Kompas.com - 15/02/2022, 07:24 WIB

JAKARTA, KOMPAS.com - Di tengah masih tingginya penularan kasus Covid-19 di Tanah Air, Menteri Koordinator Bidang Kemaritiman dan Investasi (Menko Marves) Luhut Binsar Pandjaitan justru menegaskan pemerintah belum ada keinginan memperketat mobilitas masyarakat. Pelonggaran kebijakan justru akan terus dilakukan pemerintah.

"Jadi kami saat ini belum memiliki keinginan untuk pengetatan lagi.
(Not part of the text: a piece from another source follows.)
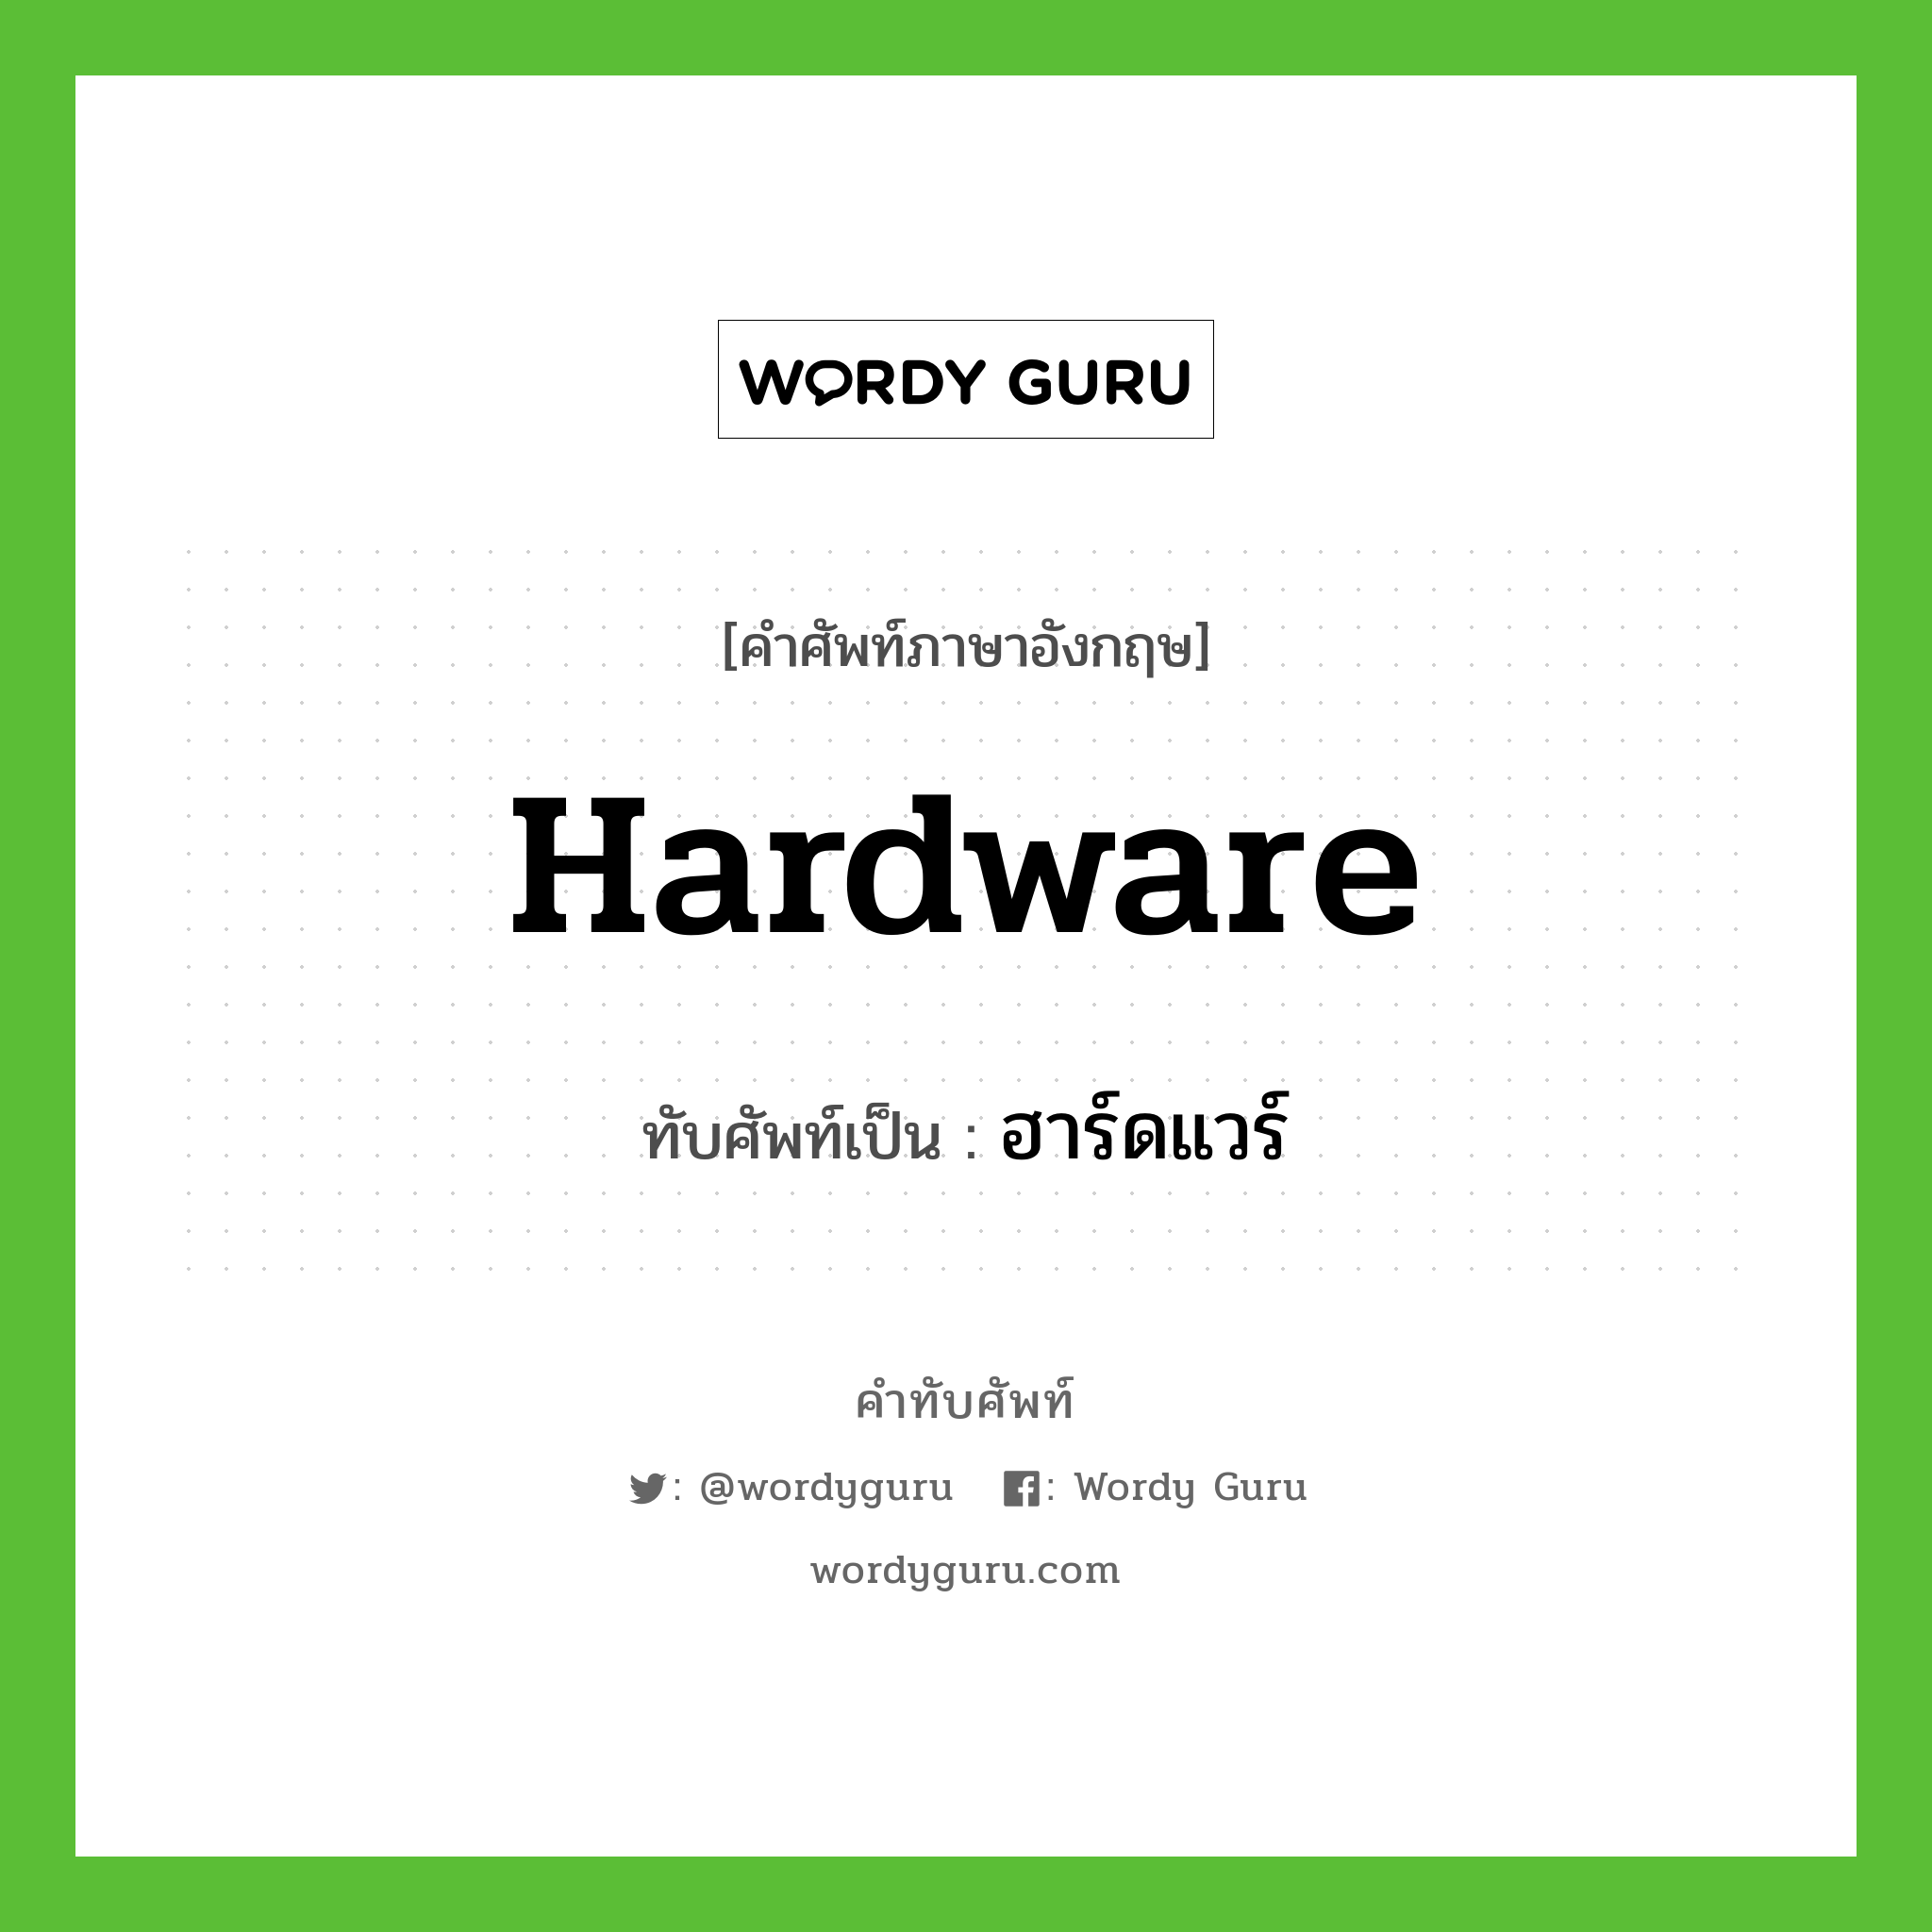 ฮาร์ดแวร์ เขียนอย่างไร?, คำศัพท์ภาษาอังกฤษ ฮาร์ดแวร์ ทับศัพท์เป็น hardware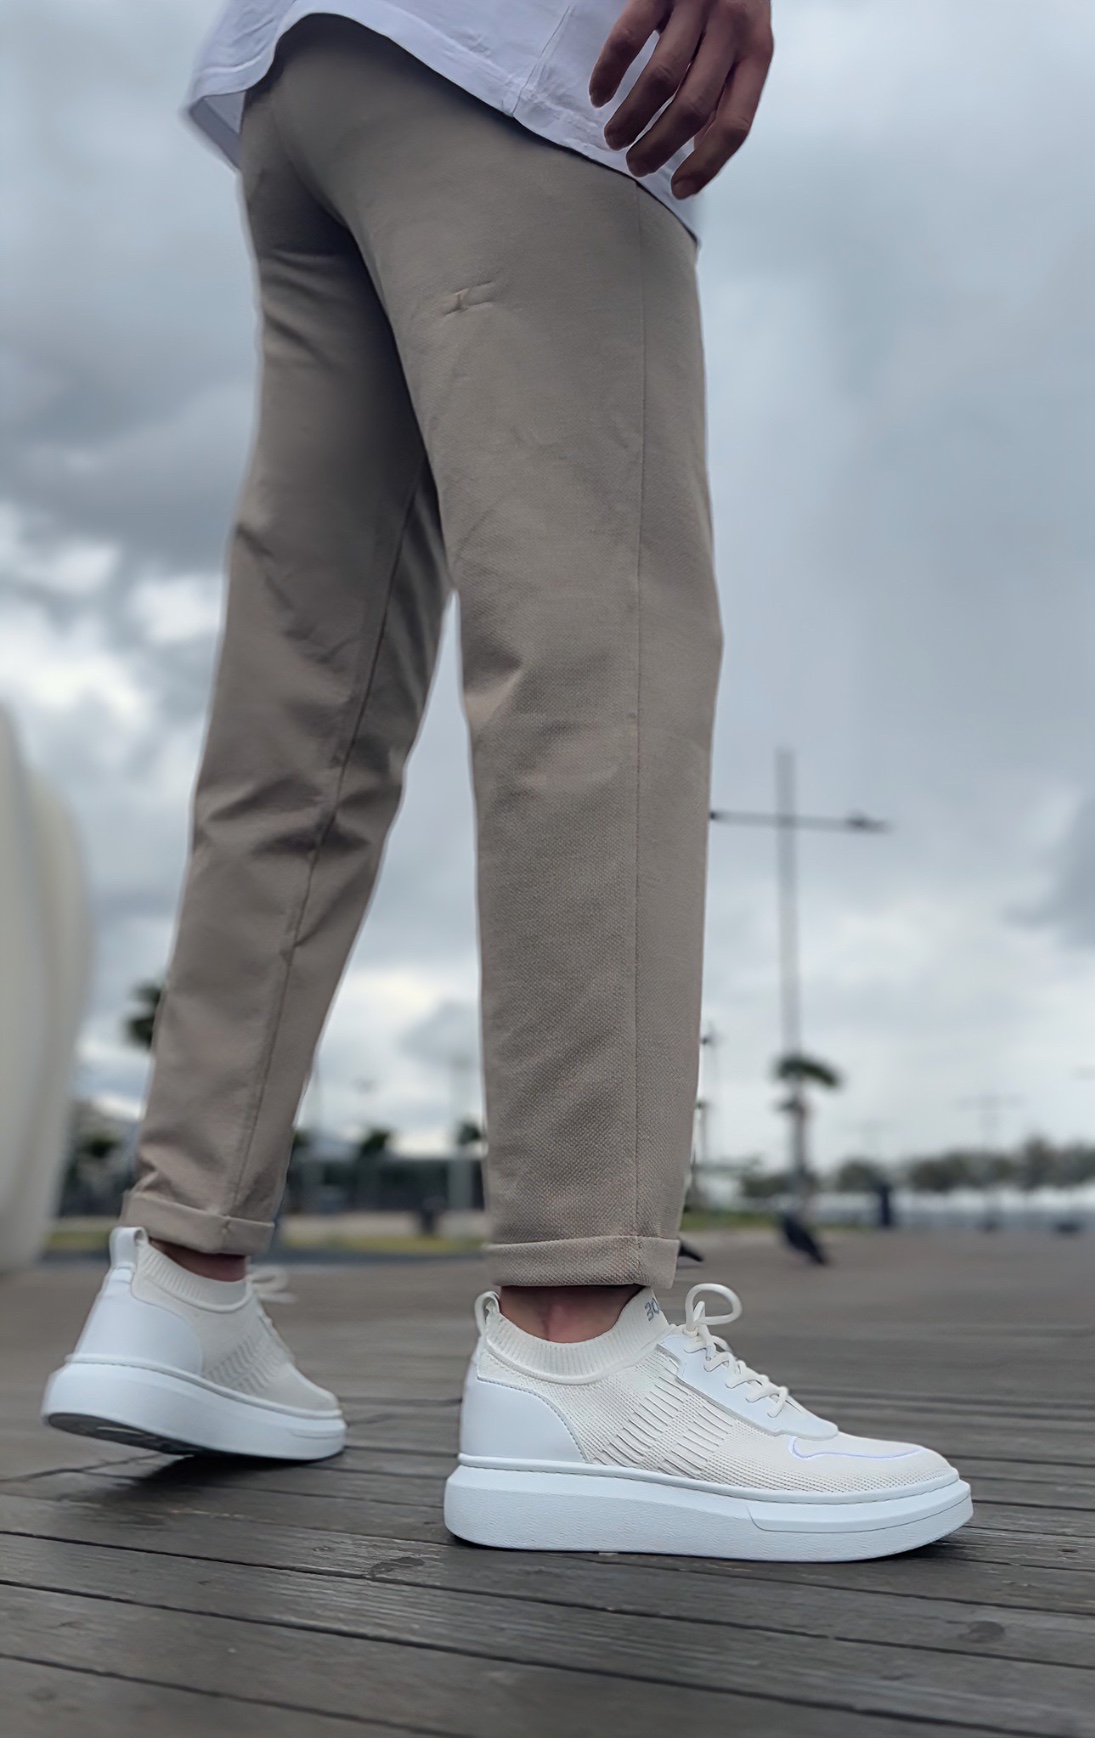 CLZ946 Özel Örme Triko Tarz Beyaz Renk Spor Ayakkabı

Justru pelonggaran-pelonggaran akan terus kita lakukan tetapi dengan monitoring yang ketat," ujar Luhut saat konferensi pers evaluasi PPKM yang ditayangkan secara daring pada Senin (14/2/2022).

Meski begitu, dia menegaskan pelonggaran harus diikuti penerapan protokol kesehatan oleh masyarakat secara ketat.

Luhut mangatakan, hal itu sejalan dengan garis besar penanganan pandemi yang diminta oleh Presiden Joko Widodo bahwa tidak boleh menginjak rem terlalu dalam.

Hal itu disampaikan saat pemerintah menangani penularan varian Delta dan sampai saat ini masih terus dilakukan pemerintah.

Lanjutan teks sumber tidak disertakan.